Let $a \le b \le c$ be the sides of a triangle inscribed inside a fixed circle such that the vertices of the triangle are distributed uniformly on the circumference.
Question 1: Is it true that the probability that $ac > b^2$ is $\displaystyle \frac{1}{5}$. I ran a simulation by generating $1.75 \times 10^9$ triangle and counting the number of times $ac > b^2$. The experimental data seems to suggest that probability converges to about $0.2$.
Note: For any triangle with $a \le b \le c$, the triangle inequality implies $b < a+c < 3b$. Now the condition $ac > b^2$ implies that $2b < a+c < 3b$; here the lower bound follows from AM-GM inequality. Hence all triangles for which $b < a+c < 2b$ are ruled out. For our problem, the condition $2b < a+c < 3b$ is necessary but not sufficient.
Update: Changed the title in light of the comments and answer that relaxing the condition $a\le b \le c$ is easier to handle
Related question: If $(a,b,c)$ are the sides of a triangle and $x \ge 1$, what is the probability that $a+b > cx$?
Best Answer
Assume that the circle is the unit circle centred at the origin, and the vertices of the triangle are:
$A(\cos(-Y),\sin(-Y))$ where $0\le Y\le2\pi$
$B(1,0)$
$C(\cos X,\sin X)$ where $0\le X\le2\pi$
Relax the requirement that $a \le b \le c$, and let:
$a=BC=2\sin\left(\frac{X}{2}\right)$
$b=AC=\left|2\sin\left(\frac{2\pi-X-Y}{2}\right)\right|=\left|2\sin\left(\frac{X+Y}{2}\right)\right|$
$c=AB=2\sin\left(\frac{Y}{2}\right)$
$\therefore P[ac>b^2]=P\left[\sin\left(\frac{X}{2}\right)\sin\left(\frac{Y}{2}\right)>\sin^2\left(\frac{X+Y}{2}\right)\right]$ where $0\le X\le2\pi$ and $0\le Y\le2\pi$
This probability is the ratio of the area of the shaded region to the area of the square in the graph below.

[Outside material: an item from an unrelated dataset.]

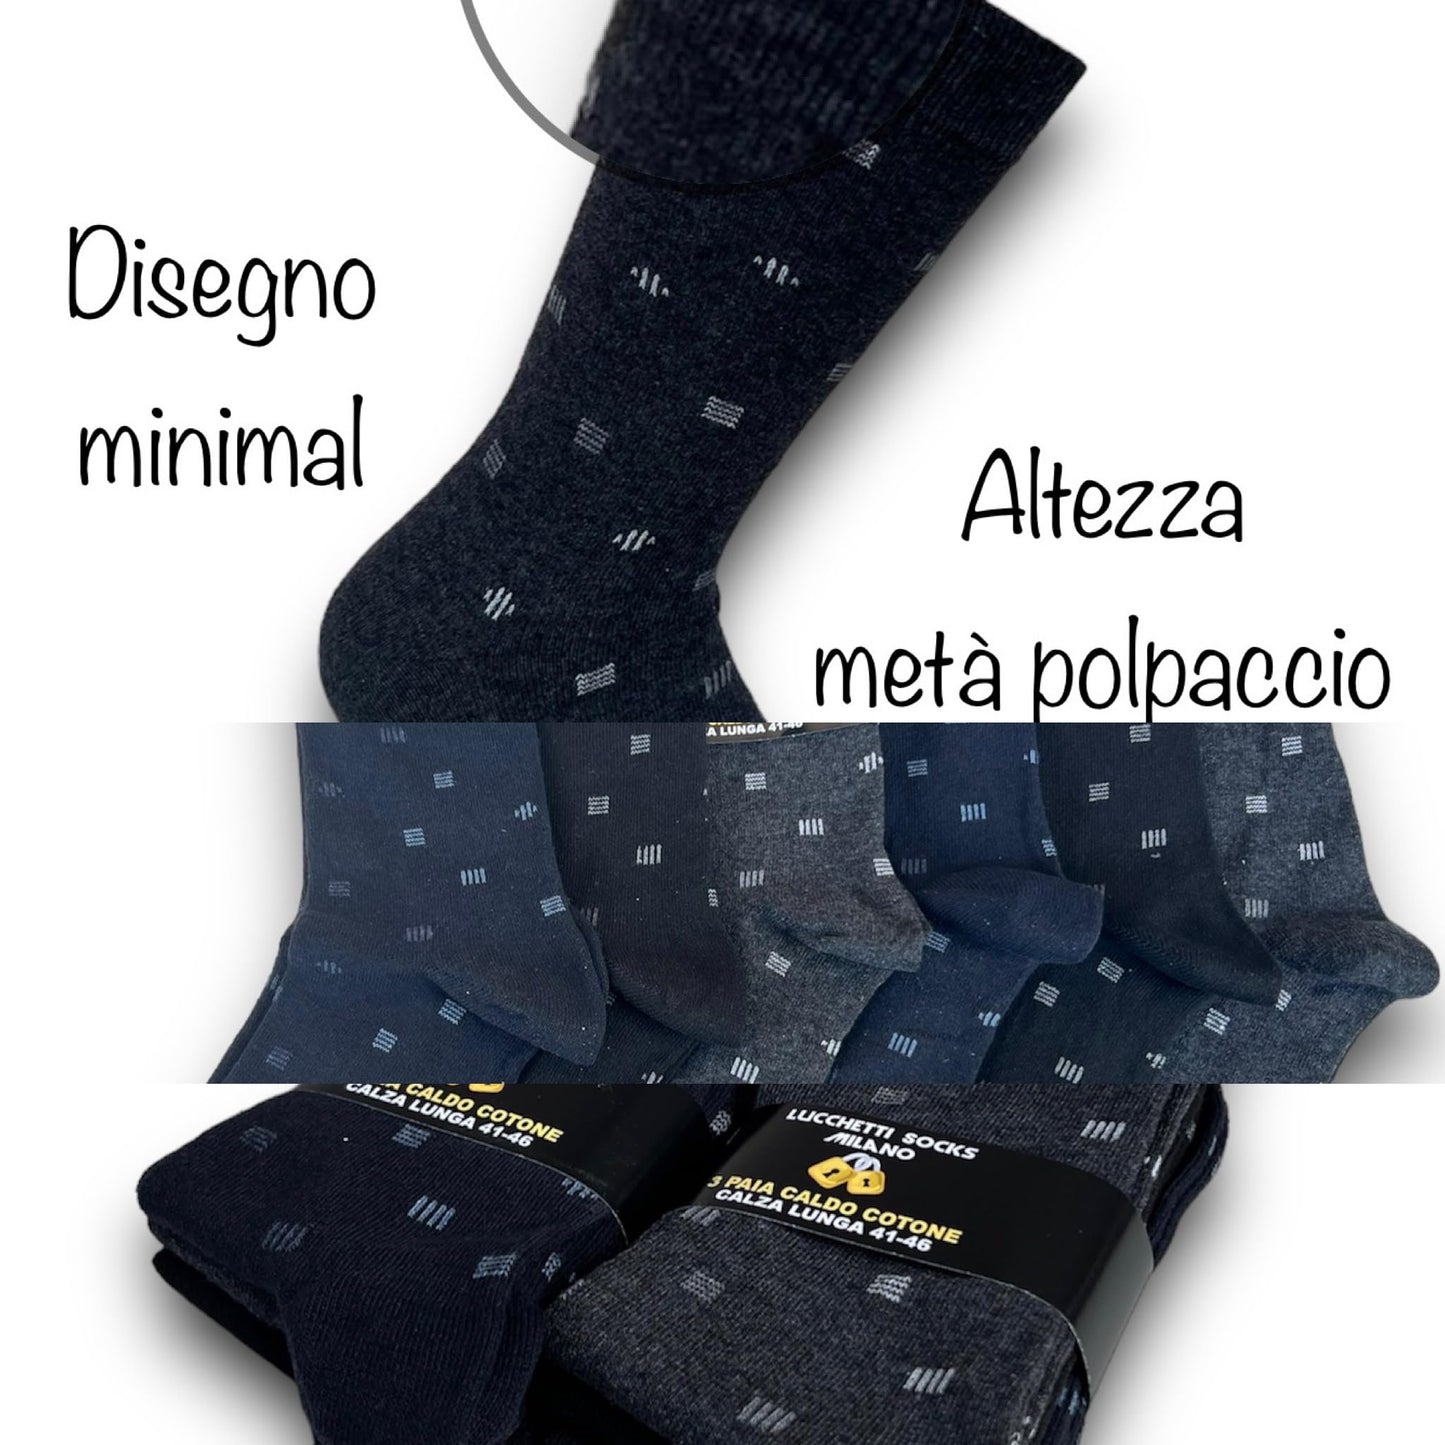 Lucchetti Socks Milano 6 Paia di Calze Uomo Corte Caldo Cotone Colorate Tendenza Pois Fantasia Fashion Made in Italy

Rotate these regions $45^\circ$ clockwise about the origin, then shrink by factor $\frac{1}{\sqrt2}$, then translate left $\pi$ units, by letting $X=x+\pi-y$ and $Y=x+\pi+y$.
$\begin{align} P[ac>b^2]&=P\left[\sin\left(\frac{x+\pi-y}{2}\right)\sin\left(\frac{x+\pi+y}{2}\right)>\sin^2(x+\pi)\right]\\ &=P\left[\cos(x+\pi)-\cos y<-2\sin^2(x+\pi)\right]\text{ using sum to product identity}\\ &=P\left[-\cos x-\cos y<-2\sin^2 x\right]\\ &=P\left[-\arccos(2\sin^2x-\cos x)<y<\arccos(2\sin^2x-\cos x)\right]\\ &=\dfrac{\int_0^{\pi/3}\arccos(2\sin^2x-\cos x)\mathrm dx}{\frac{\pi^2}{2}} \end{align}$
Numerical evidence suggests that the integral equals $\frac{\pi^2}{5}$. (I've posted this integral as another question.) If that's true, then the probability is $\frac25$.
If the probability without requiring $a \le b \le c$ is $\frac25$ , it follows that the probability with requiring $a \le b \le c$ is $\frac15$, as @joriki explained in the comments.
Update:
The integral has been shown to equal $\frac{\pi^2}{5}$, thus showing that the answer to the OP is indeed $1/5$.
The simplicity of the answer, $1/5$, suggests that there might be a more intuitive solution, but given the amount of attention the OP has received, an intuitive solution seems to be quite elusive. We might have to chalk this one up as another probability question with a simple answer but no intuitive explanation. (Other examples of such probability questions are here and here.)